# Private 1km how much should I charge in central Ontario?



## CountryRose (Sep 30, 2020)

i got a call to plow a private drive road witch is about 1 km long in central Ontario Canada and I’ve never had to price out a private road before and just government contracts so any suggested on how much I should charge? 

I got told from friend that they would charge $1000 a month but they stated they get half the snow I do in southern Ontario 

What are your guys though can you help me out with some advice


----------



## Kvston (Nov 30, 2019)

Charge per instance. Set a 2” trigger or less and gauge your average speed in km per hour. Then divide it up based on your per hour rate. I advise more $ for dirt or gravel. Be sure to include an extra fee for pushing the banks back, sanding or salting.

Mira nice if you have a long straight shot to plow instead of forward and revers a bunch of times.


----------



## MIDTOWNPC (Feb 17, 2007)

CountryRose said:


> i got a call to plow a private drive road witch is about 1 km long in central Ontario Canada and I've never had to price out a private road before and just government contracts so any suggested on how much I should charge?
> 
> I got told from friend that they would charge $1000 a month but they stated they get half the snow I do in southern Ontario
> 
> What are your guys though can you help me out with some advice


We plow a couple mobile home parks that have paved roads. However we must sand salt mix them and they are quite wide. Then we also wing back the berm. 
I really think the best way to start pricing is to give yourself a few examples to study your own numbers. 
Your billable rate for the machine your going to use x the time it will take x the estimated amount of times you think you need to plow it.

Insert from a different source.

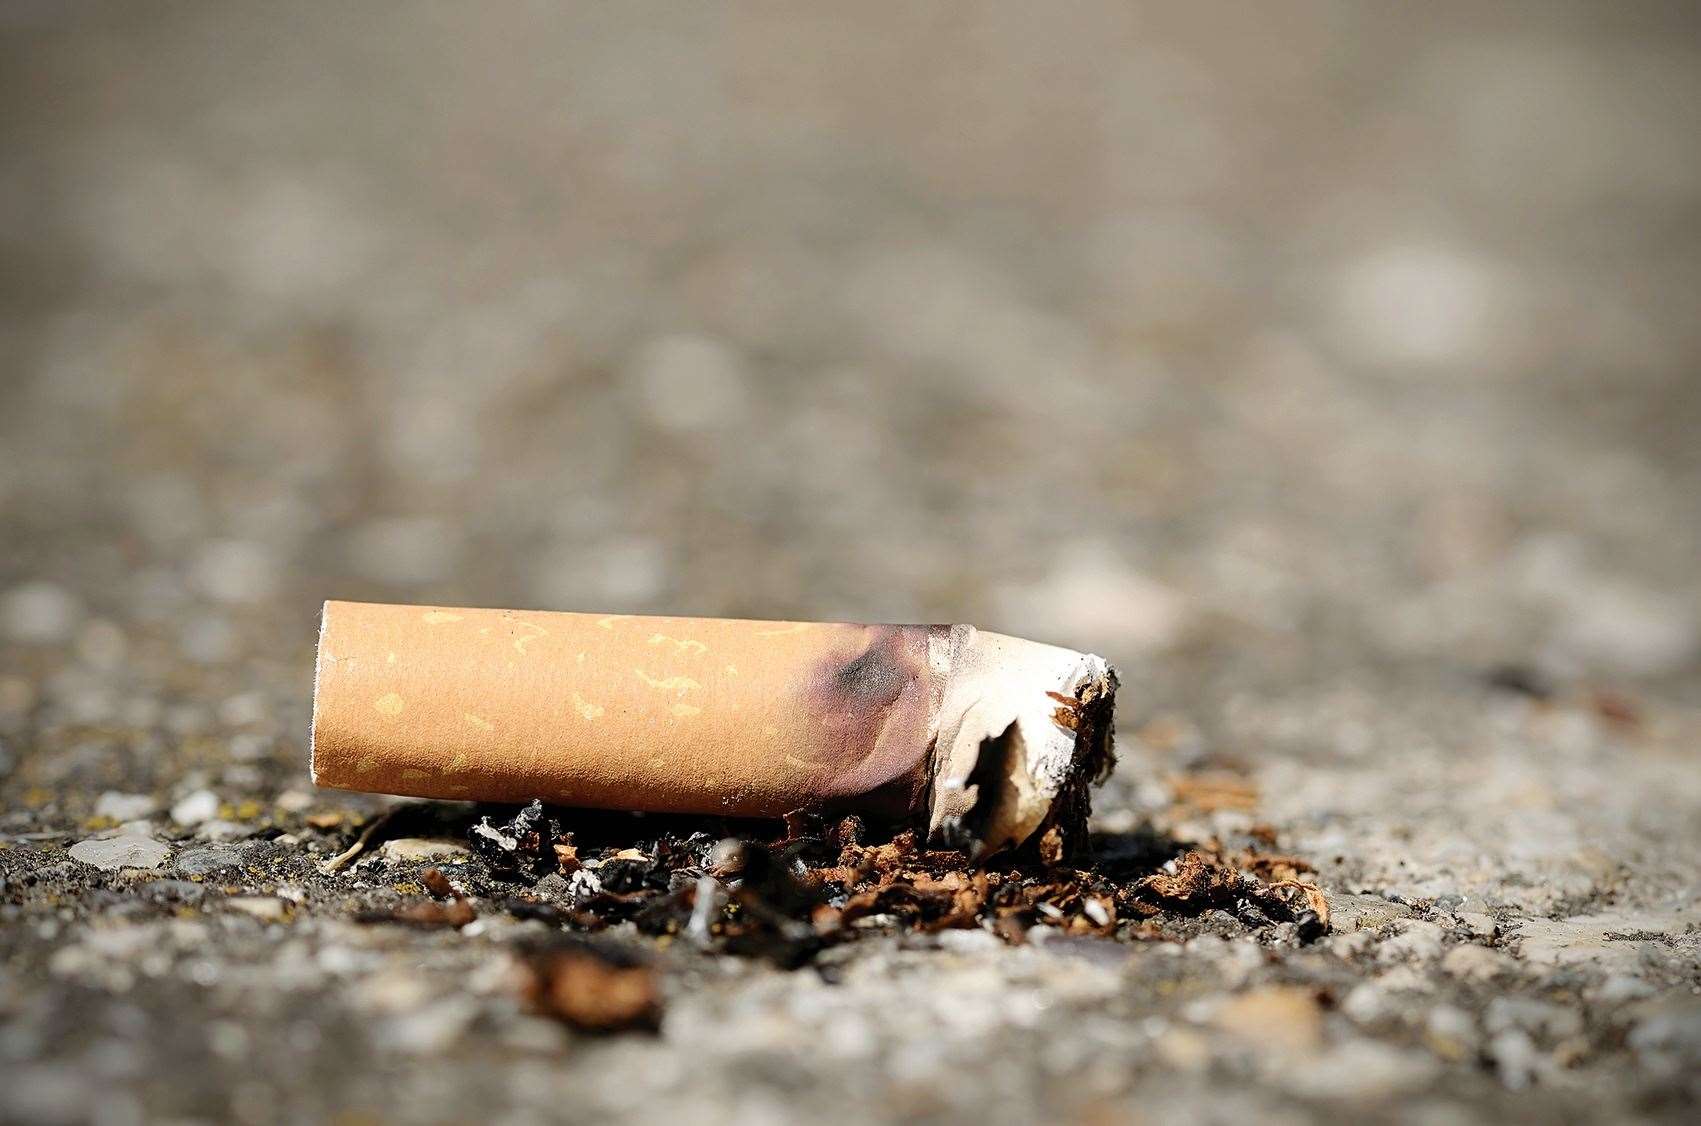 A total of 15 people have been ordered to pay fines totalling £9k for dropped cigarette butts. Photo: istock

And do that for the sanding if you need to also.

Then figure out the same formula only on your cost side.

You should factor in some times you will need to check the road but may not need to do anything.

Now think about how your competitor would price it?

How many passes with whatever your using 
To do a km ? 
5 with a truck?

Save your notes and math. If you don't get it next time you can pull the file. I pulled a file today from 2014 when I didn't get a job as I was too much. I changed my rate to today and now I'm still too much but I'm the preferred choice after seeing some of my other lots.


----------